Insert picture description here
What we need to do is based on the classification of articles , Is it animal theme or weather theme .
After executing this sentence In the pop-up window The column on the right of the most volume needs to be installed ,stopwords.

nltk.download()

Remove some words that do not highlight the theme .

# Load stop words 
wpt = nltk.WordPunctTokenizer()
stop_words = nltk.corpus.stopwords.words('english')

def normalize_document(doc):
    #  Remove special characters 
    doc = re.sub(r'[^a-zA-Z0-9\s]', '', doc, re.I)
    #  Convert to lowercase 
    doc = doc.lower()
    doc = doc.strip()
    #  participle 
    tokens = wpt.tokenize(doc)
    #  To stop using words 
    filtered_tokens = [token for token in tokens if token not in stop_words]
    #  Regroup into articles 
    doc = ' '.join(filtered_tokens)
    return doc

norm_corpus = normalize_corpus(corpus)
norm_corpus

Processing results , You can compare it with before .
Insert picture description here

The word bag model

Word bag model counts word frequency .

from sklearn.feature_extraction.text import CountVectorizer
print (norm_corpus)
# Instantiation 
cv = CountVectorizer(min_df=0., max_df=1.)

cv.fit(norm_corpus)
print (cv.get_feature_names())
cv_matrix = cv.fit_transform(norm_corpus)
# formation array Format 
cv_matrix = cv_matrix.toarray()
cv_matrix

The words of these sentences form a corpus .
Insert picture description here
The result of coding . One occurrence is 1, Appear twice is 2, Does not appear 0.

Look at it .

N-Grams Model

Make up for the lack of context information in the word bag model .
Considering the combination between words ,ngram_range=(2,2) Indicates a combination of two words .
It usually uses two words , Because it will make the matrix bigger , And sparse .
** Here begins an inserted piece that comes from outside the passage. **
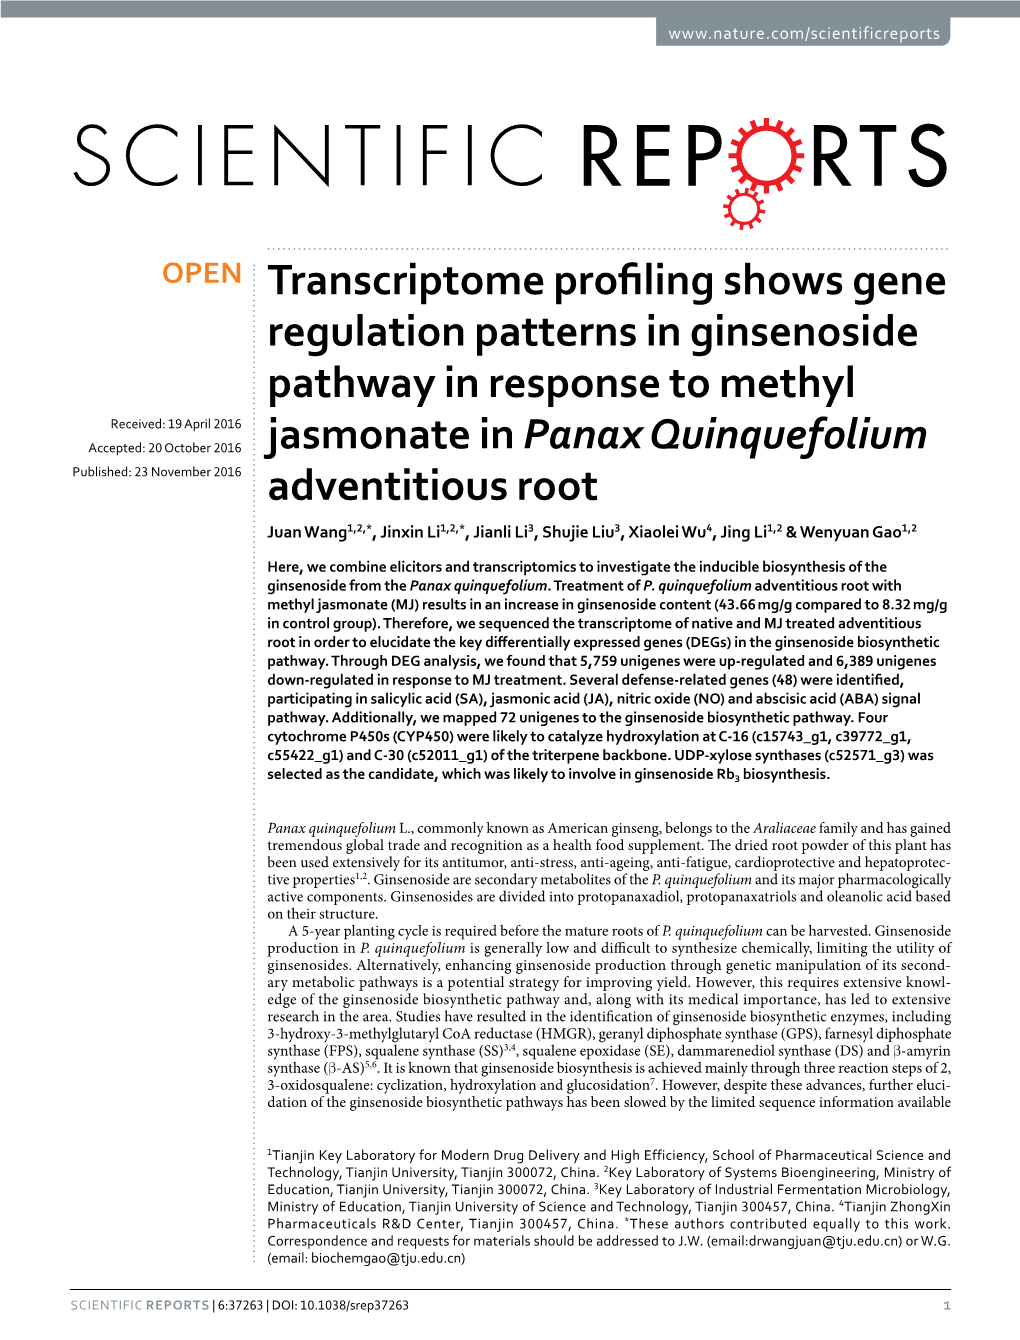 Transcriptome Profiling Shows Gene Regulation Patterns in Ginsenoside

bv = CountVectorizer(ngram_range=(2,2))
bv_matrix = bv.fit_transform(norm_corpus)
bv_matrix = bv_matrix.toarray()
vocab = bv.get_feature_names()
pd.DataFrame(bv_matrix, columns=vocab)

Insert picture description here

TF-IDF Model

TP： Word frequency ,IDP： Reverse document frequency
If the frequency of a word in the corpus is not high , But there are many times in the current sample , It means his IDF Great value , More important , Differentiated .

from sklearn.feature_extraction.text import TfidfVectorizer 
tv = TfidfVectorizer(min_df=0., max_df=1., use_idf=True)
tv_matrix = tv.fit_transform(norm_corpus)
tv_matrix = tv_matrix.toarray()

vocab = tv.get_feature_names()
pd.DataFrame(np.round(tv_matrix, 2), columns=vocab)

Insert picture description here

Similarity features

The similarity between articles can also be used as a feature .

from sklearn.metrics.pairwise import cosine_similarity

similarity_matrix = cosine_similarity(tv_matrix)
similarity_df = pd.DataFrame(similarity_matrix)
similarity_df

Insert picture description here

Clustering characteristics

Not very easy to use

from sklearn.cluster import KMeans

km = KMeans(n_clusters=2)
km.fit_transform(similarity_df)
cluster_labels = km.labels_
cluster_labels = pd.DataFrame(cluster_labels, columns=['ClusterLabel'])
pd.concat([corpus_df, cluster_labels], axis=1)

Theme model

Less commonly used

from sklearn.decomposition import LatentDirichletAllocation

lda = LatentDirichletAllocation(n_topics=2, max_iter=100, random_state=42)
dt_matrix = lda.fit_transform(tv_matrix)
features = pd.DataFrame(dt_matrix, columns=['T1', 'T2'])
features

Word embedding model word2vec

Solved the problem mentioned before , Ignore the connection between words and contexts . I don't know the context , Such as apples and bananas , Keyboard and mouse , These words should be similar in space .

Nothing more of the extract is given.